"Why are we here Still Waters. I miss our ocean setting"
"We are here because there are others who need to speak to you" he replies
Out of the shadows come people I recognize. People who over the years I've had disagreements with or words with. I cringe. Uh oh...I thought. This isn't going to be easy.
Still Waters says "Don't be afraid...go with it"
So I do. One by one they come towards me and when I think that they will start to berate me instead they smile. And then they tell me what a lesson they learned from our experience together. How the lesson changed their lives and what they continued to do with that lesson. I am in shock and in tears. I have held onto so much pain....and it is a great release.
Slowly they disappear and Still Waters asks me "So what have you learned from those experiences"?
I look at him. The dawning of this message comes loud and clear. I have held onto the pain instead of working through it. Instead of realizing and understanding the great gift of each situation. I am stunned.

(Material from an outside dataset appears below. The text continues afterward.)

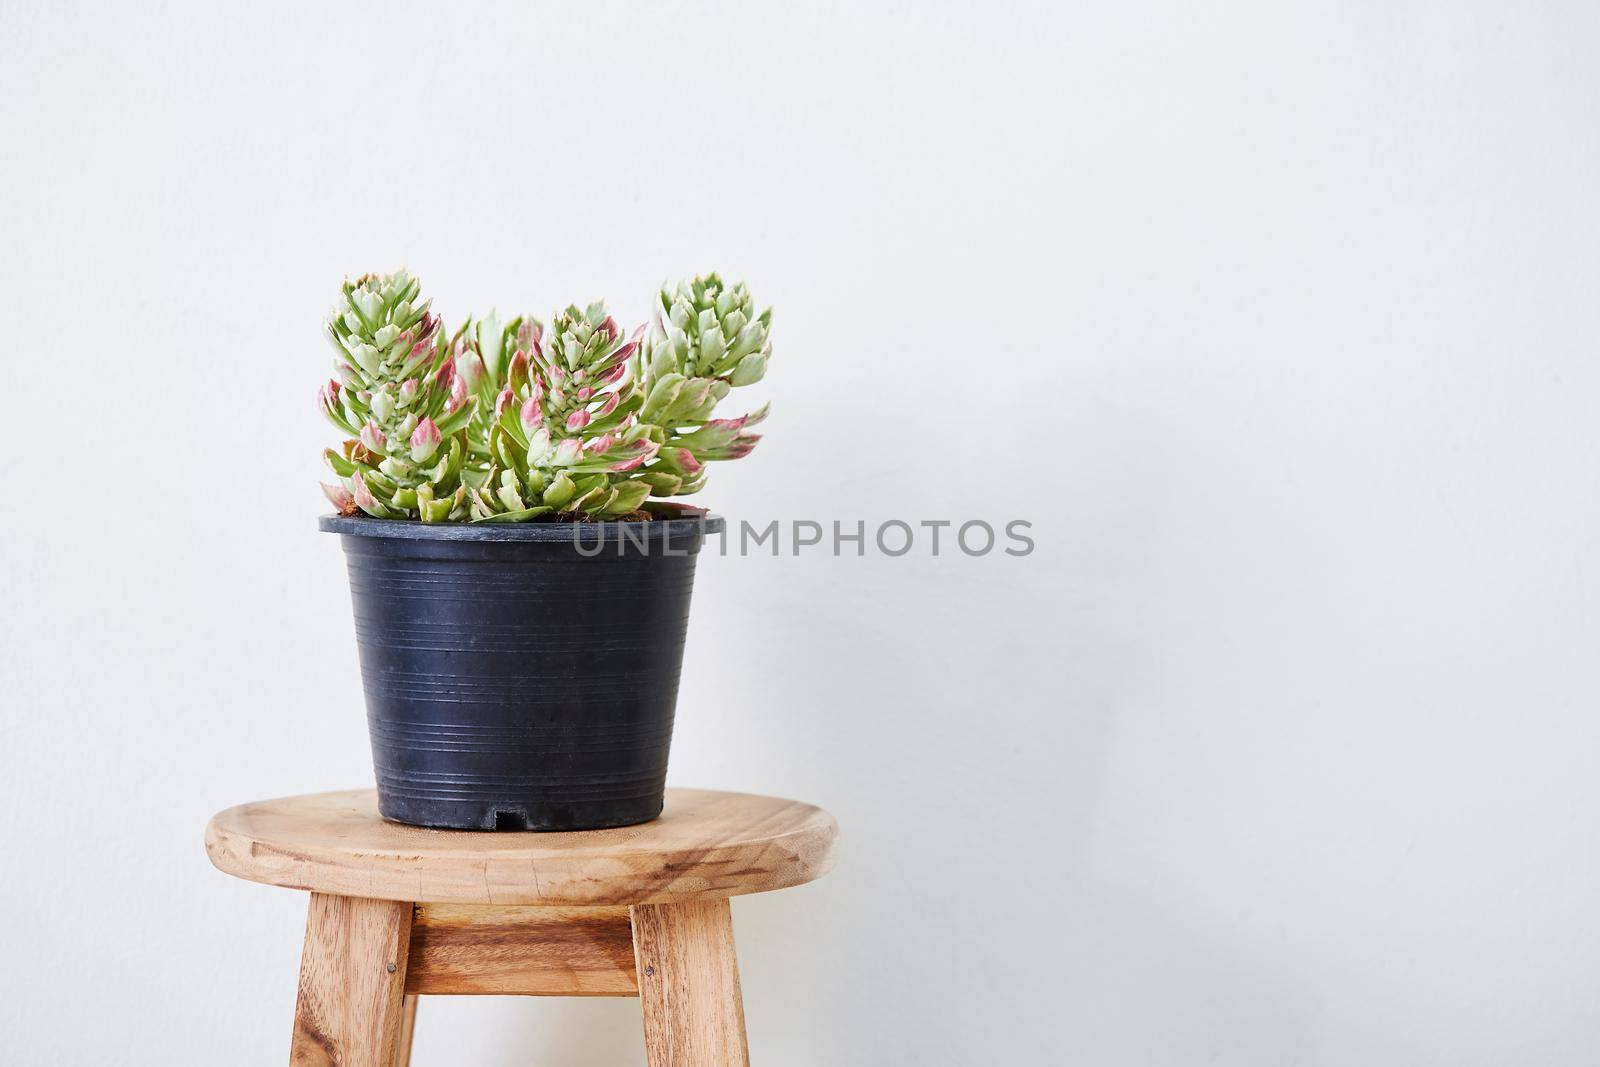 Monadenium on pot  with white background. Minimalist photo

"I guess I have some work to do"....I reply
"The word work makes it sound like something to do that is unwanted. Turn it around...look at it differently. These were all gifts to you and to them. Grow from them. But then let them be. Don't hang onto them. You've held on too long. Like your Master says....Go and sin no more. Forgiveness of self is what is needed."
He goes on...."Your life is a symphony unfinished. There are the lows of it and the highs of it. The sound sometimes soft and sometimes brash. If you were perfect...if anyone was perfect...what would you learn from that? Nothing. You are not the Master....."
He grabs my hand and we start to walk away from the bonfire.
I ask him "Why am I dressed so ceremoniously?"
He smiles and a doorway appears right before us that wasn't there a second ago...
"Step in and you will see..."
I hesitantly open the cracked door wider and step inside. An orchestra awaits and starts to play....sweet, sweet music that brings me to tears.
Still Waters says....."This is you...isn't it beautiful?"
You write some gorgeous stuff Terri. Your storytelling imagery is clear, compelling, memorable. I wish it were my journey as it is an enviable one; at least I get to read it.